→ **Instructions to follow**
Since the listing below shows pictures, leave them out and write out exactly the lines from the line with "エバーグレーズ国立公園の画像 p1_24" to the line with "SHABBIES AMSTERDAM Stiefel", both included, and no others.

→ **Provided records**
##########

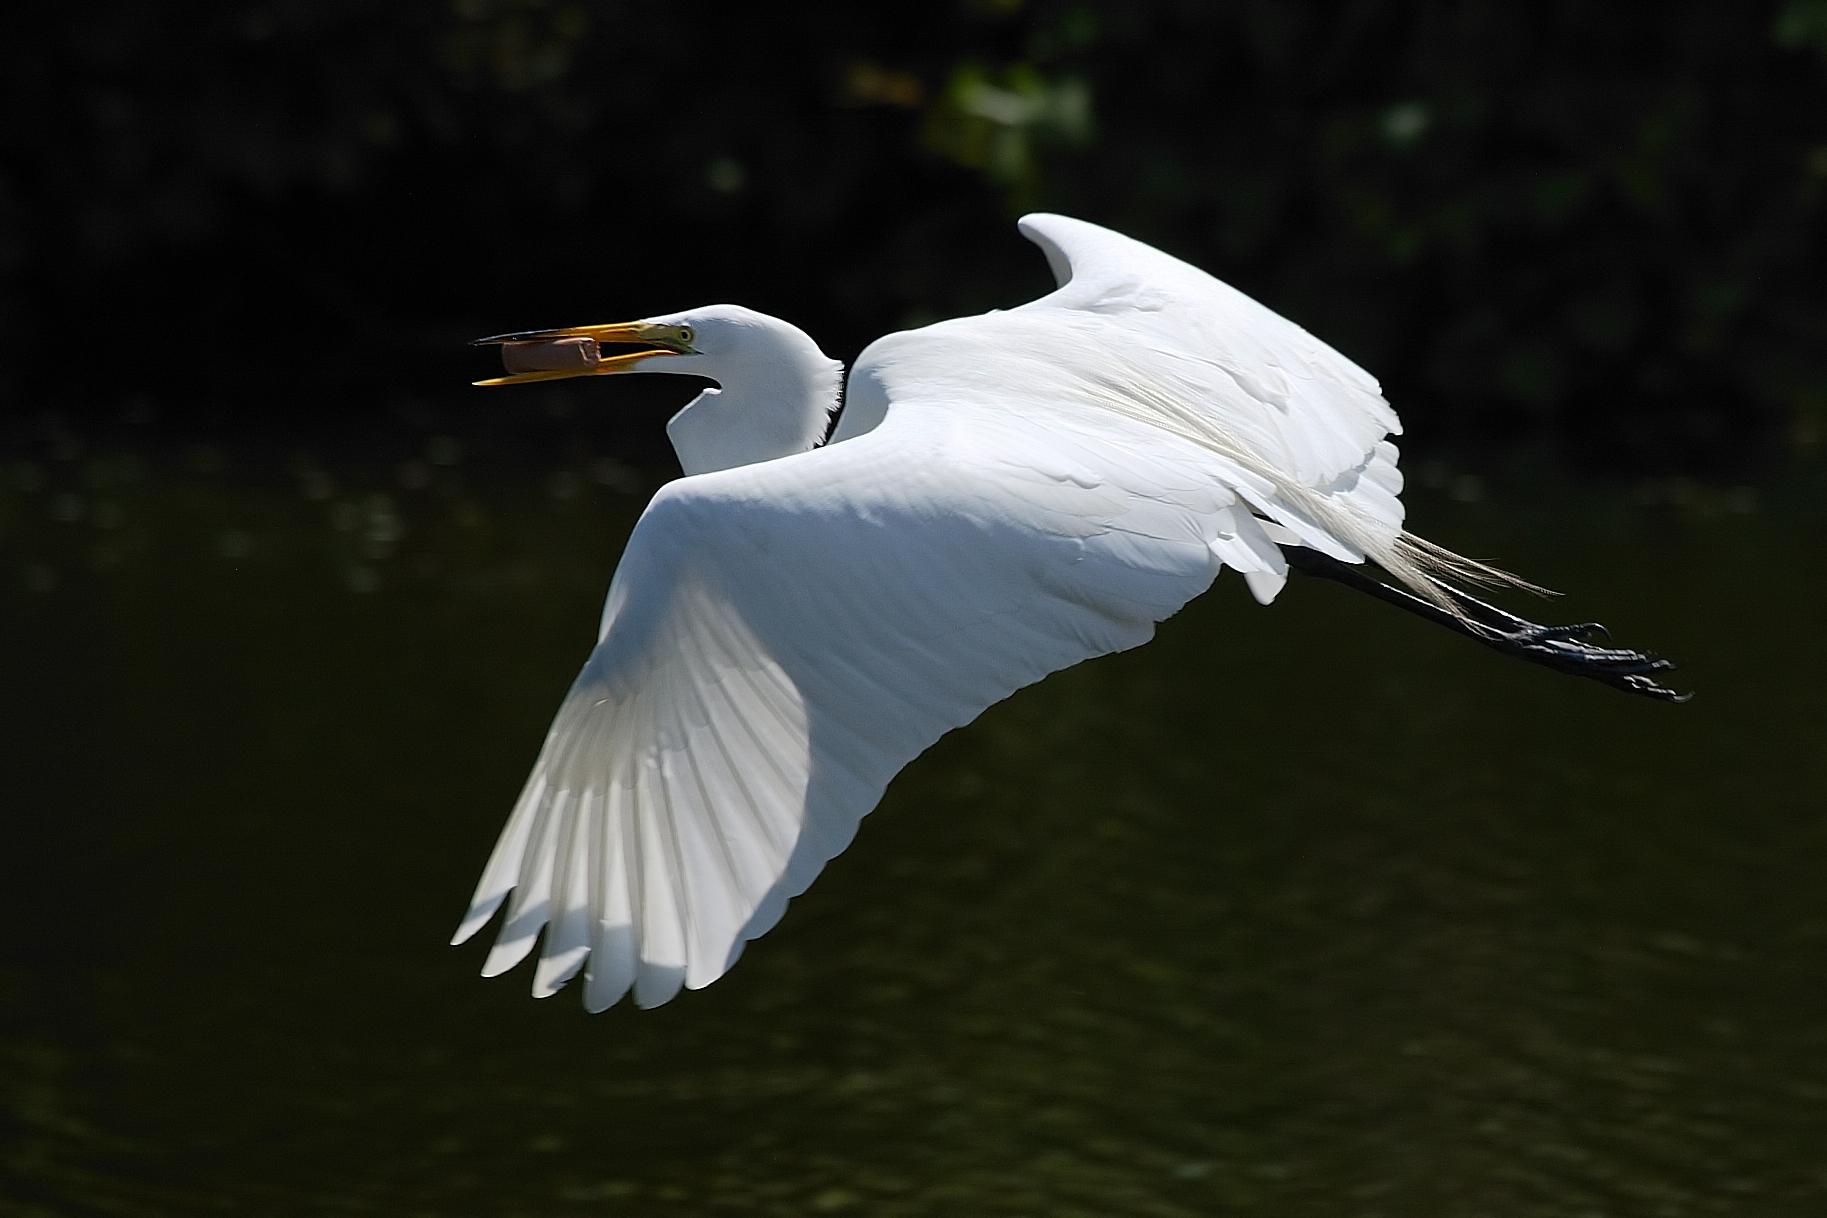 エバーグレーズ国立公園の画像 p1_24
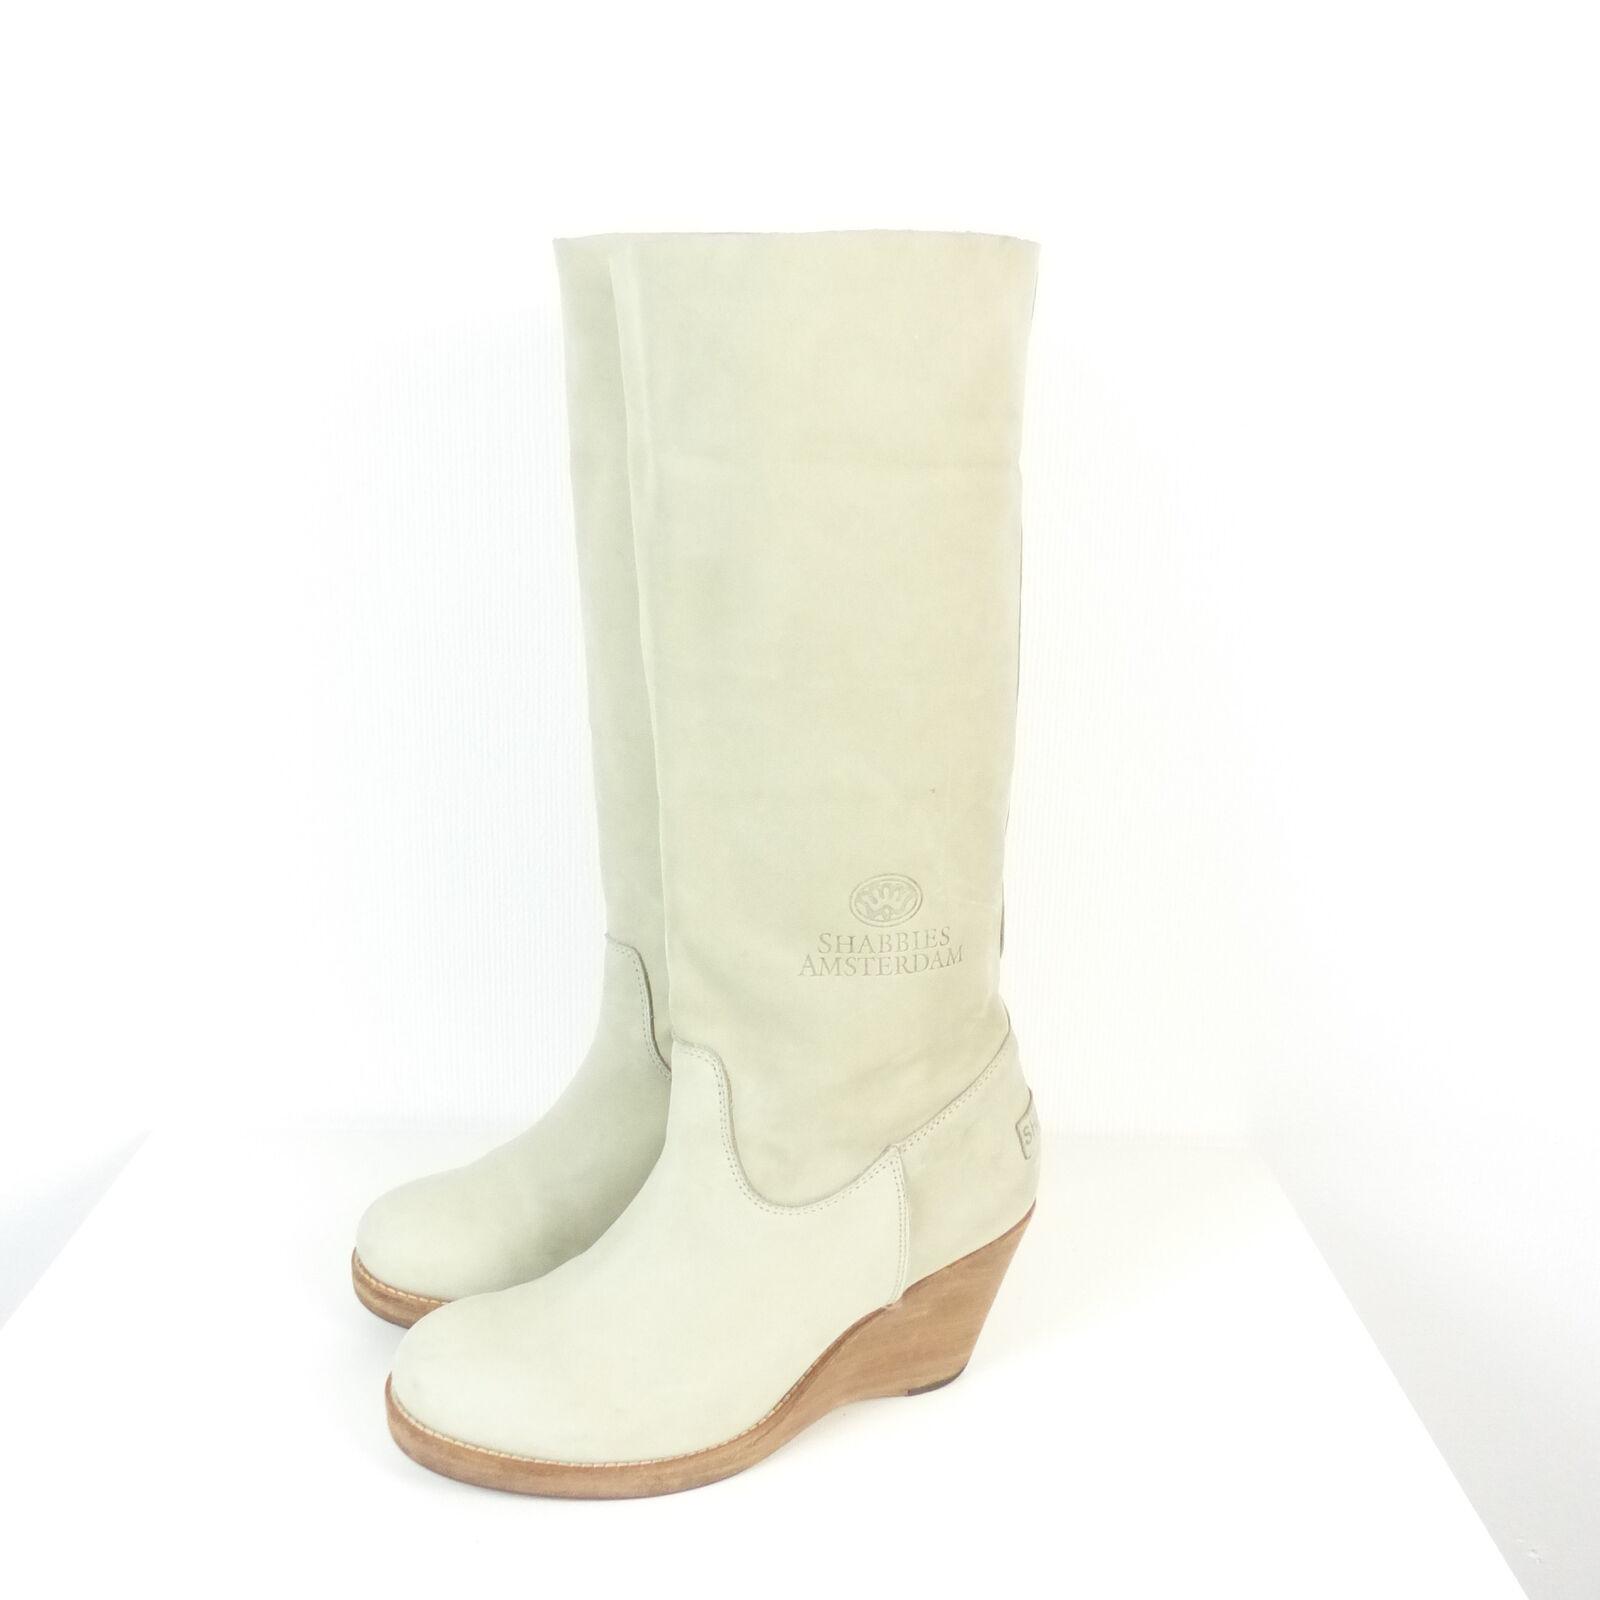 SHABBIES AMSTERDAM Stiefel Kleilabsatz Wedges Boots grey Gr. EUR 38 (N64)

##########

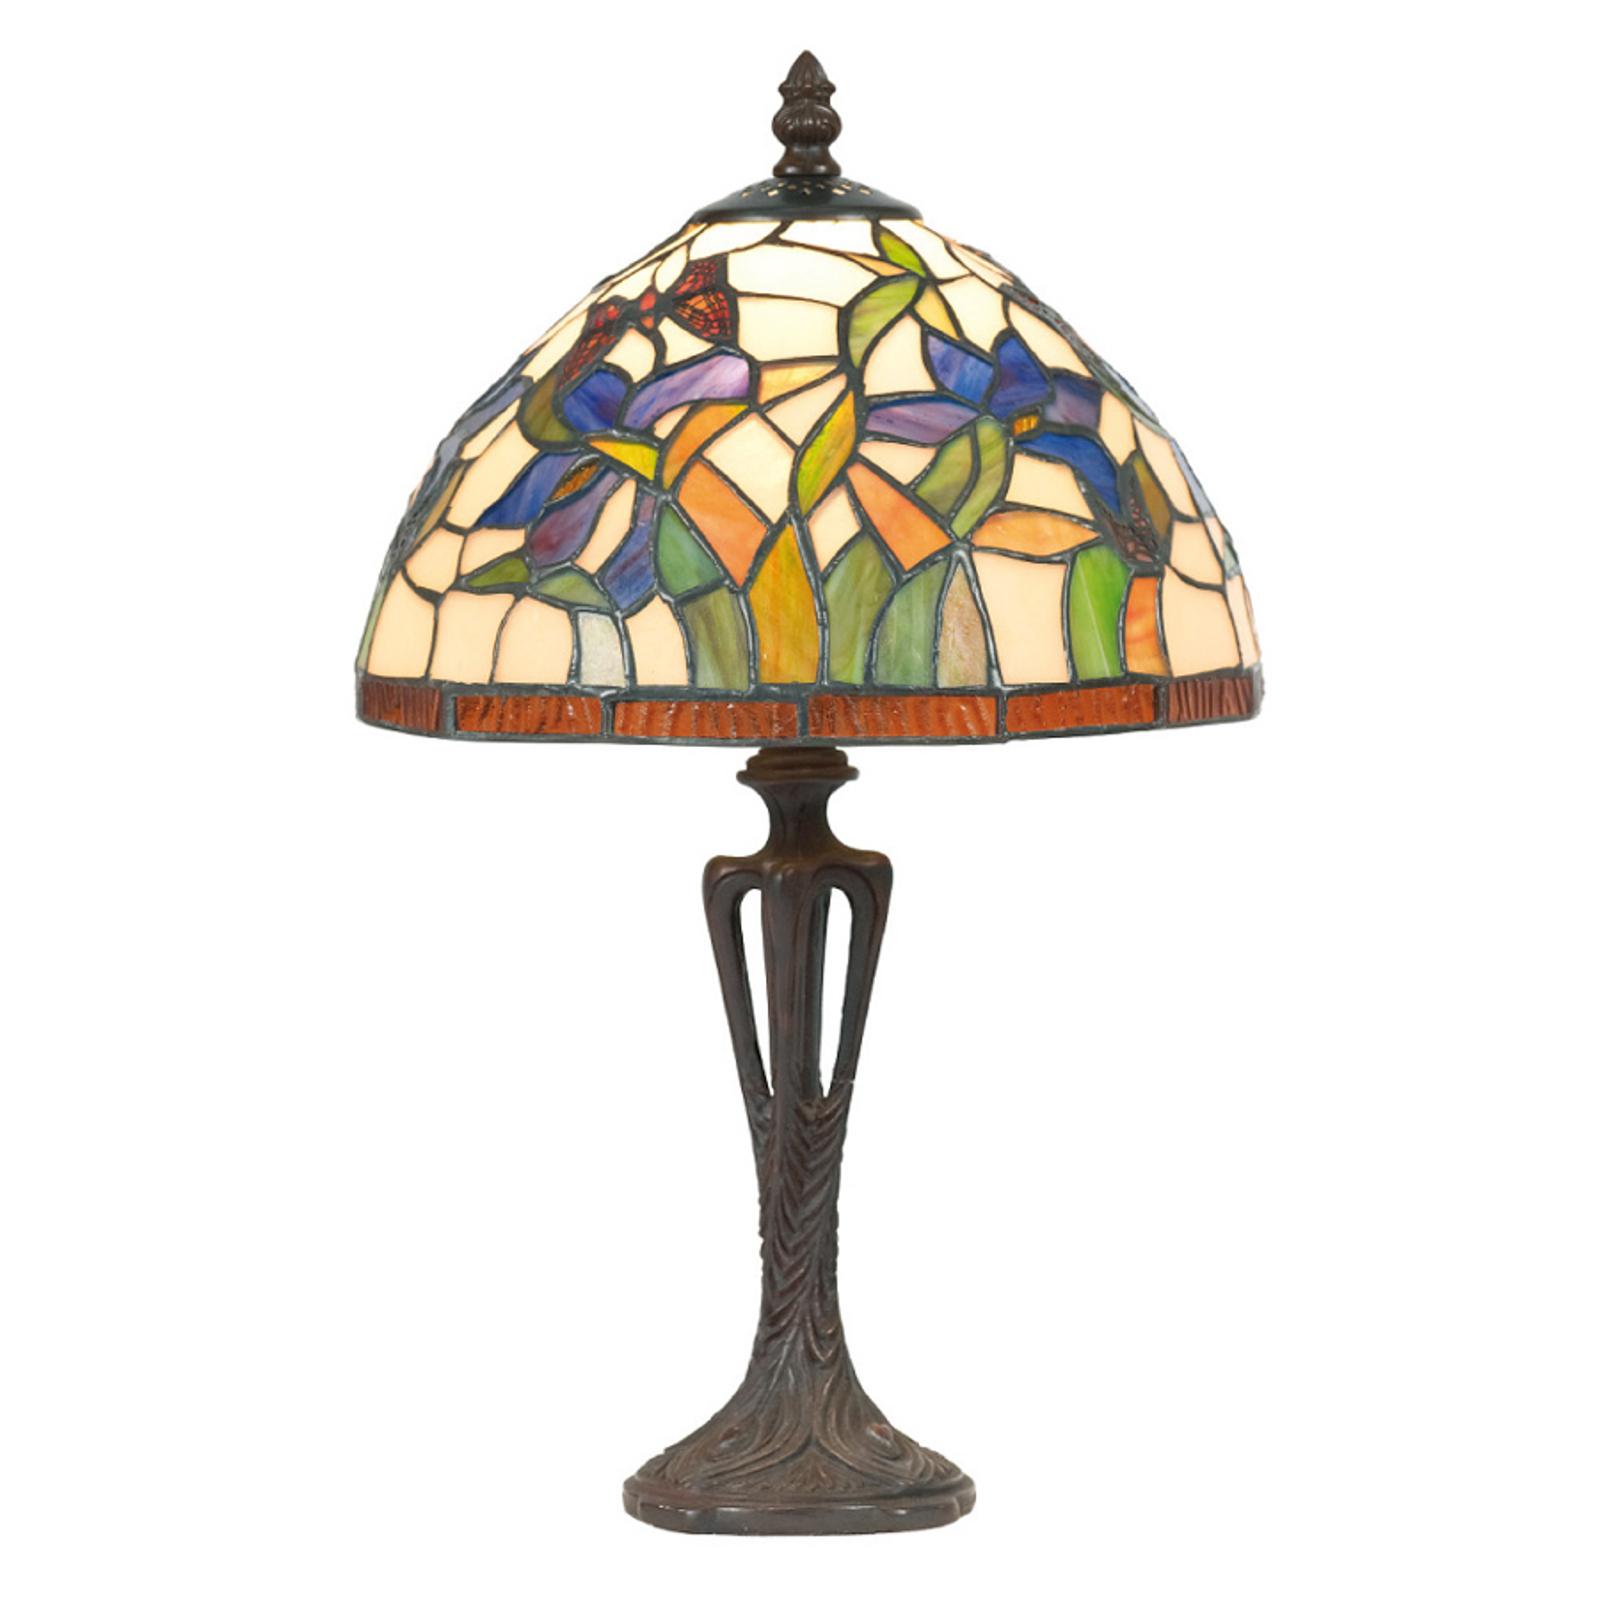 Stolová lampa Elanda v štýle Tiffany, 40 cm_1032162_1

##########

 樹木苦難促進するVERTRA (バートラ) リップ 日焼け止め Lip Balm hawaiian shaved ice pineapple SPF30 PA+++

##########

→ **Result for this task**
 エバーグレーズ国立公園の画像 p1_24
 SHABBIES AMSTERDAM Stiefel Kleilabsatz Wedges Boots grey Gr. EUR 38 (N64)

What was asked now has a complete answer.